A Service Mesh for Kubernetes, Part VI: Staging microservices without the tears

author avatar

Risha Mars
January 7, 2017 • 10 min read

Staging new code before exposing it to production traffic is a critical part of building reliable, low-downtime software. Unfortunately, with microservices, the addition of each new service increases the complexity of the staging process, as the dependency graph between services grows quadratically with the number of services. In this article, we’ll show you how one of linkerd’s most powerful features, per-request routing, allows you to neatly sidestep this problem.

This is one article in a series of articles about linkerdKubernetes, and service meshes. Other installments in this series include:

  1. Top-line service metrics
  2. Pods are great, until they’re not
  3. Encrypting all the things
  4. Continuous deployment via traffic shifting
  5. Dogfood environments, ingress, and edge routing
  6. Staging microservices without the tears (this article)
  7. Distributed tracing made easy
  8. Linkerd as an ingress controller
  9. gRPC for fun and profit
  10. The Service Mesh API
  11. Egress
  12. Retry budgets, deadline propagation, and failing gracefully
  13. Autoscaling by top-line metrics

For a video presentation of the concepts discussed in this article, see Alex Leong’s meetup talk, Microservice Staging without the Tears.

Linkerd is a service mesh for cloud-native applications. It acts as a transparent request proxy that adds a layer of resilience to applications by wrapping cross-service calls with features like latency-aware load balancing, retry budgets, deadlines, and circuit breaking.

In addition to improving application resilience, linkerd also provides a powerful routing language that can alter how request traffic flows between services at runtime. In this post, we’ll demonstrate linkerd’s ability to do this routing, not just globally, but on a per-request basis. We’ll show how this *per-request routing* can be used to create ad-hoc staging environments that allow us to test new code in the context of the production application, without actually exposing the new code to production traffic. Finally, we’ll show how (in contrast to staging with a dedicated staging environment) ad-hoc staging requires neither coordination with other teams, nor the costly process of keeping multiple deployment environments in sync.

Why stage?

Why is staging so important? In modern software development, code goes through a rigorous set of practices designed to assess correctness: code review, unit tests, integration tests, etc. Having passed these hurdles, we move to assessing behaviour: how fast is the new code? How does it behave under load? How does it interact with runtime dependencies, including other services?

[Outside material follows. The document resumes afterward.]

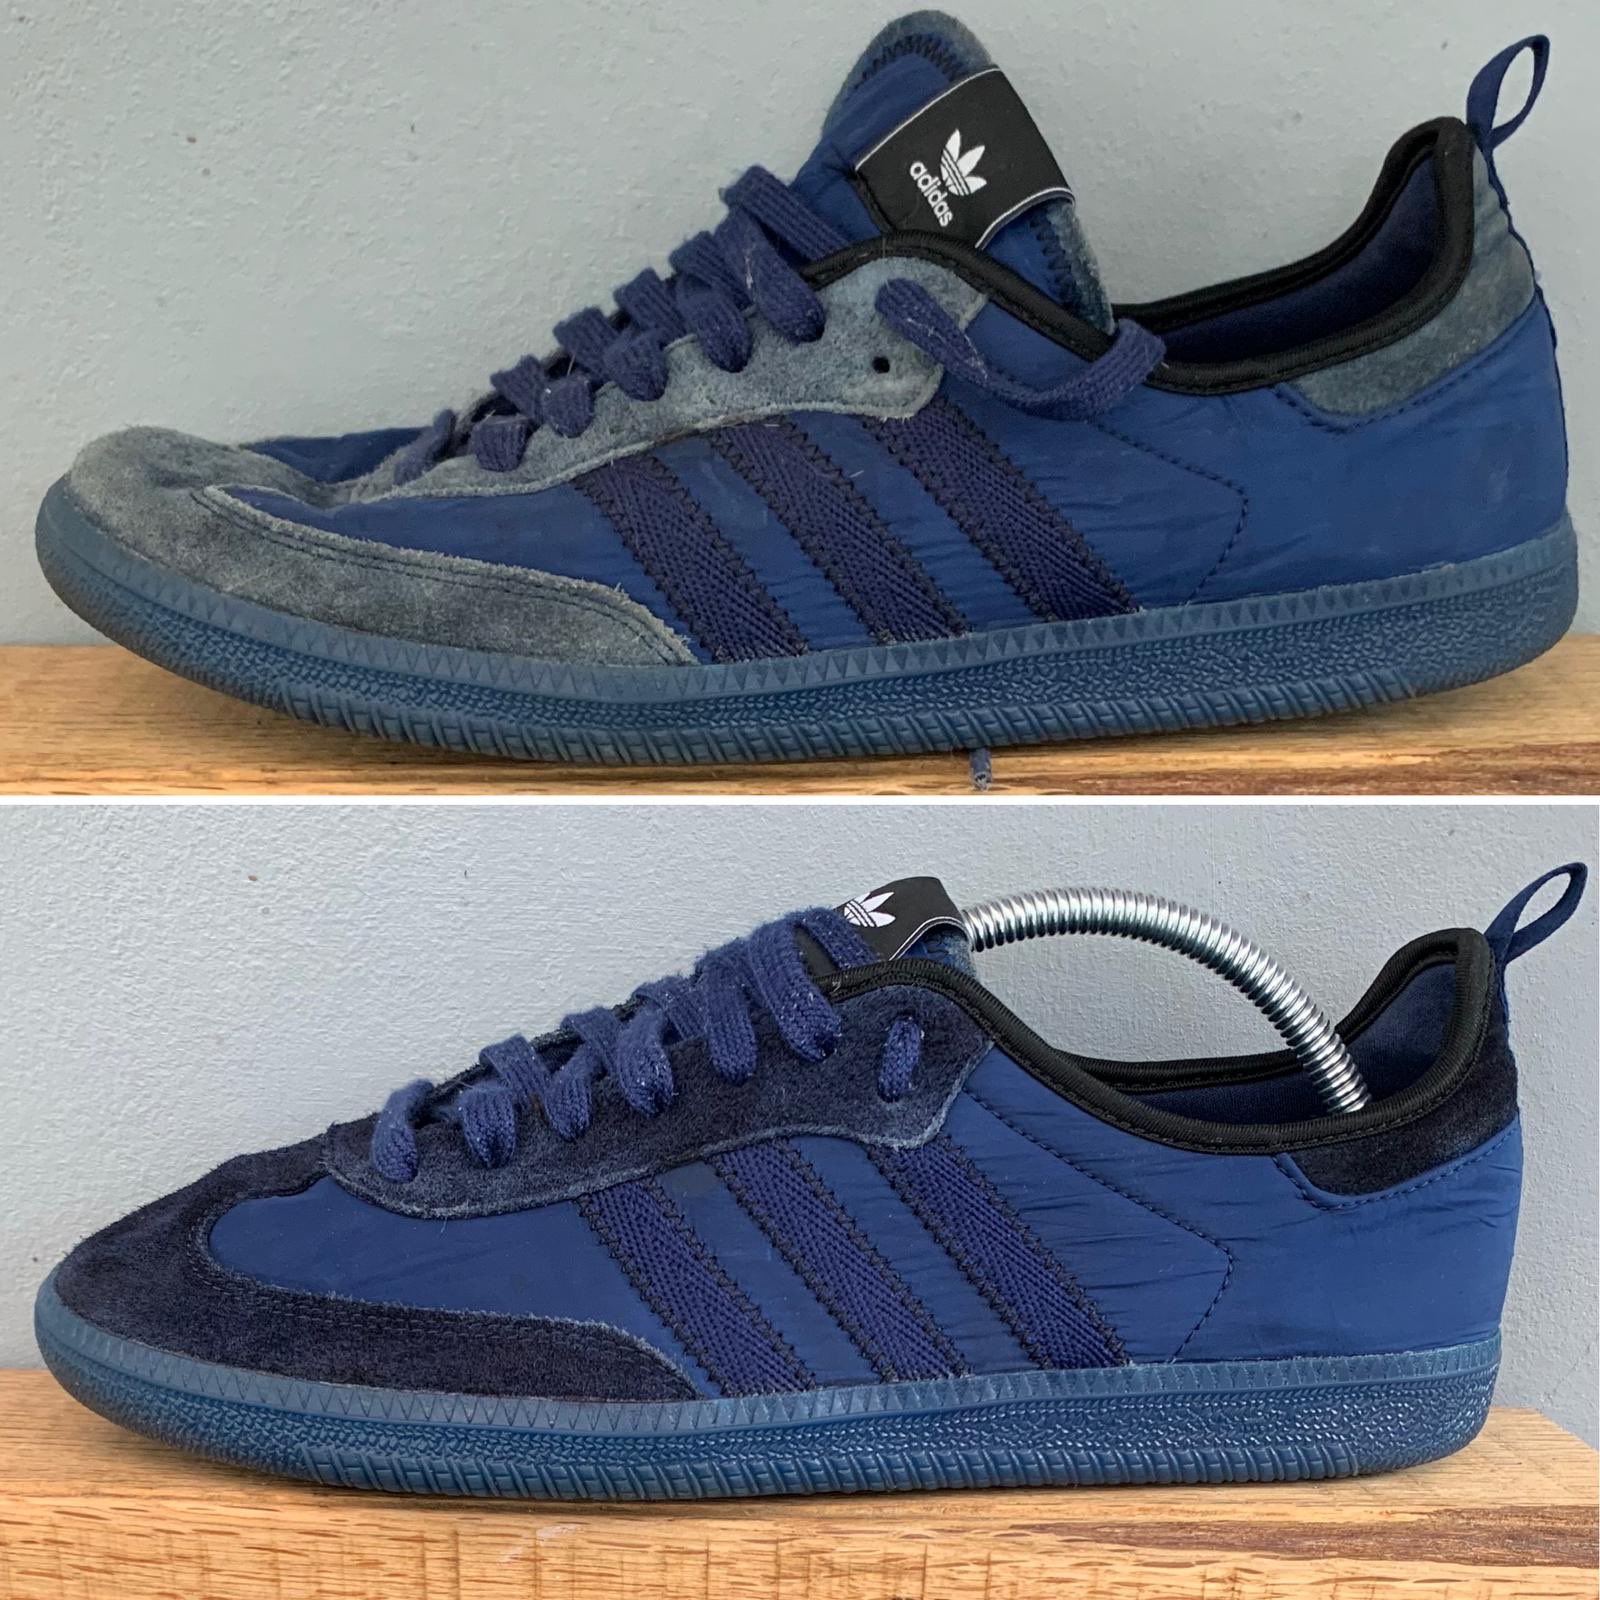 Glistening Kicks on Twitter: "These #adidasxcpcompany tobacco for @Henni_Papenfuss came in us in need of bit of work. A week later and they're good go back to our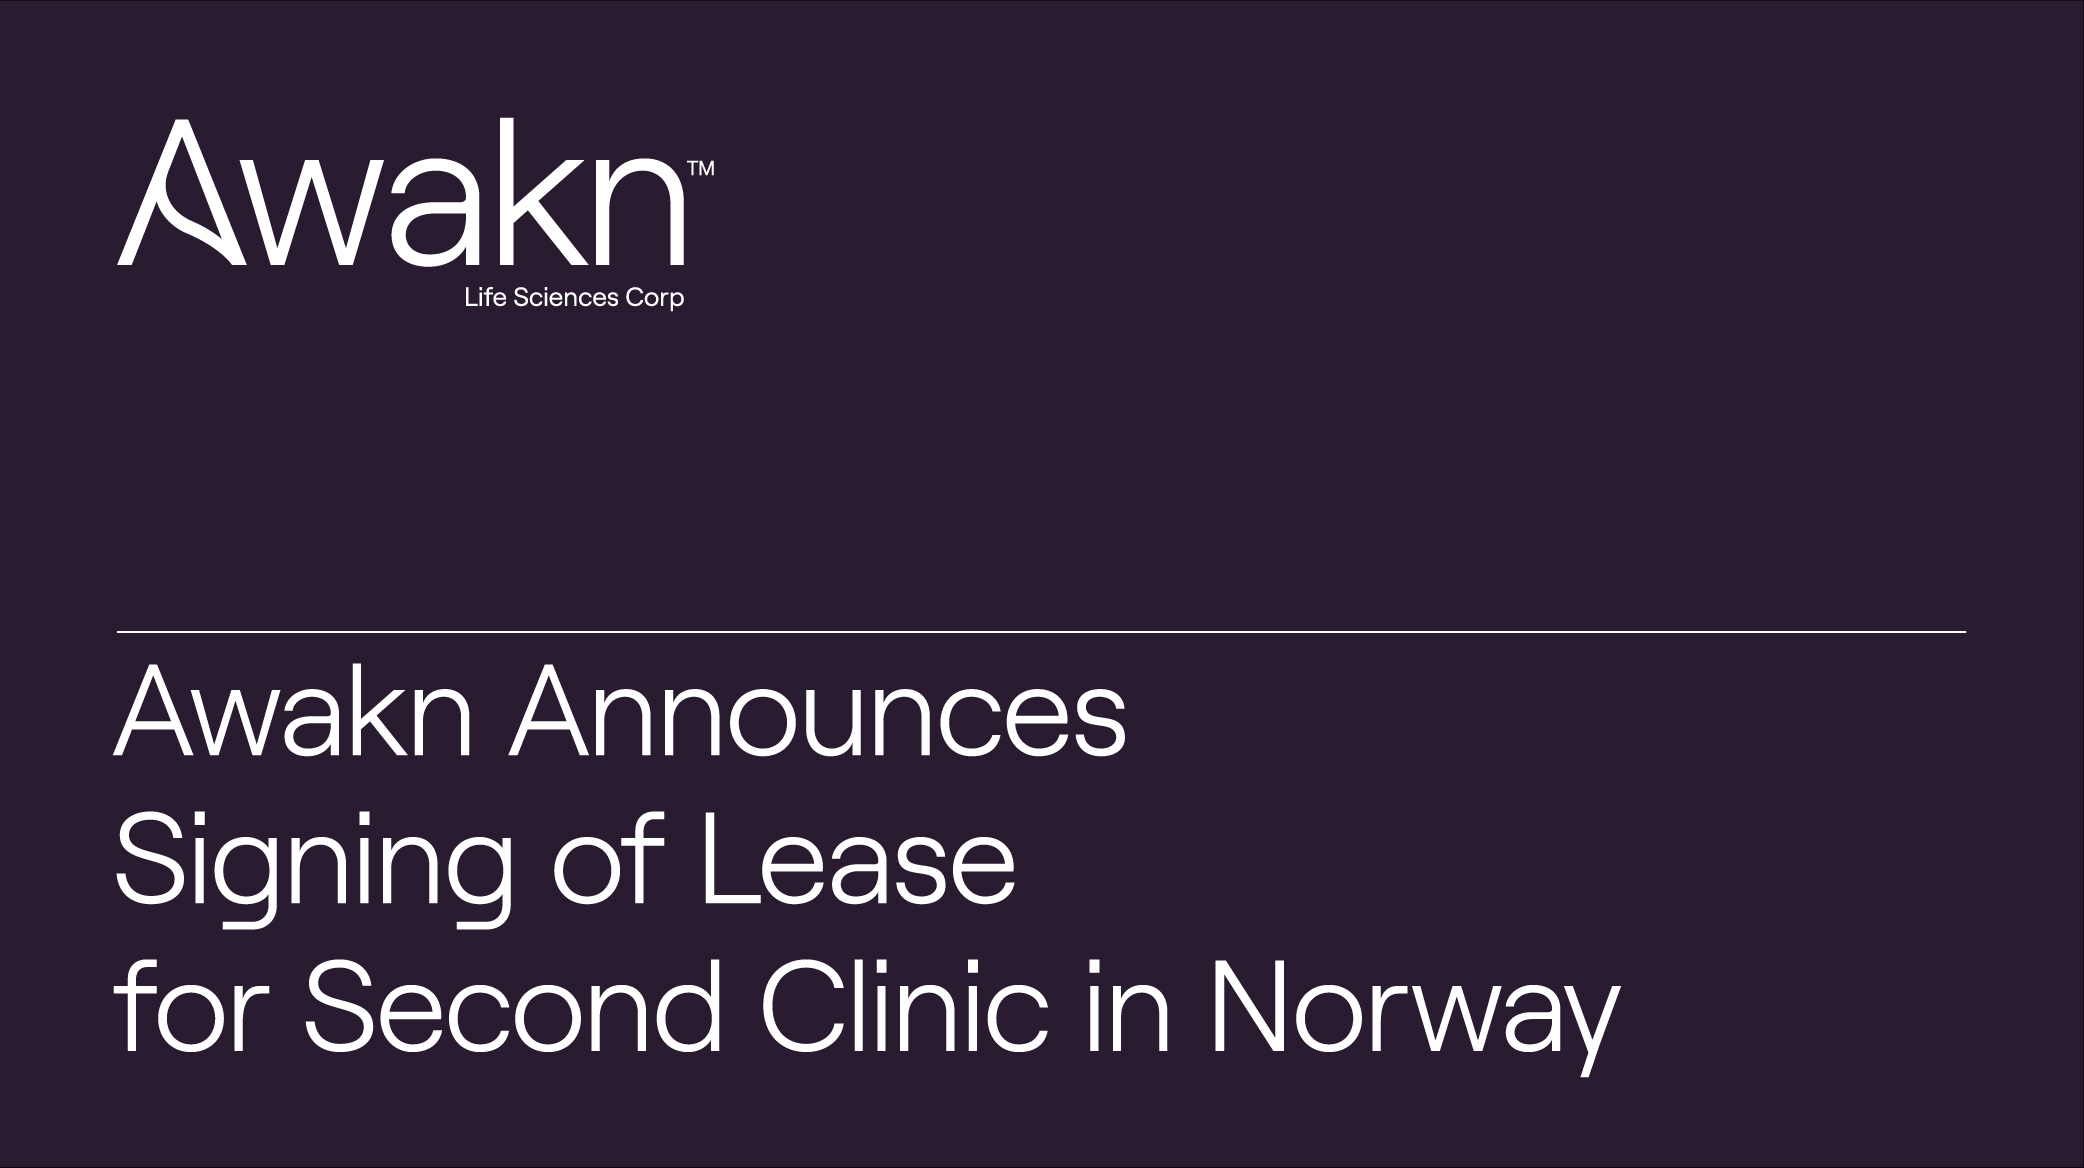 Awakn Announces Signing of Lease for Second Clinic in Norway

These are the questions that a staging environment can answer. The fundamental principle of staging is that the closer to the production environment, the more realistic staging will be. Thus, while mocks and stub implementations make sense for tests, for staging, we ideally want actual running services. The best staging environment is one in which the surrounding environment is exactly the same as it will be in production.

Why is staging hard for microservices?

When your application consists of many services, the interaction between these services becomes a critical component of end-to-end application behaviour. In fact, the more that the application is disaggregated into services, the more that the runtime behaviour of the application is determined not just by the services themselves, but by the interactions between them.

Unfortunately, increasing the number of services doesn’t just increase the importance of proper staging, it also increases the difficulty of doing this properly. Let’s take a look at a couple common ways of staging, and why they suffer in multi-service environments.

A frequent choice for staging is the shared staging cluster, wherein your staged service is deployed into a dedicated staging environment alongside other staged services. The problem with this approach is that there is no isolation. If, as in the diagram below, Alex deploys his Foo service and sees weird behaviour, it’s difficult to determine the source—it could be due to the staging deploys of Alex, Alice, or Bob, or simply the mock data in the database. Keeping the staging environment in sync with production can be very difficult, especially as the number of services, teams, and releases all start to increase.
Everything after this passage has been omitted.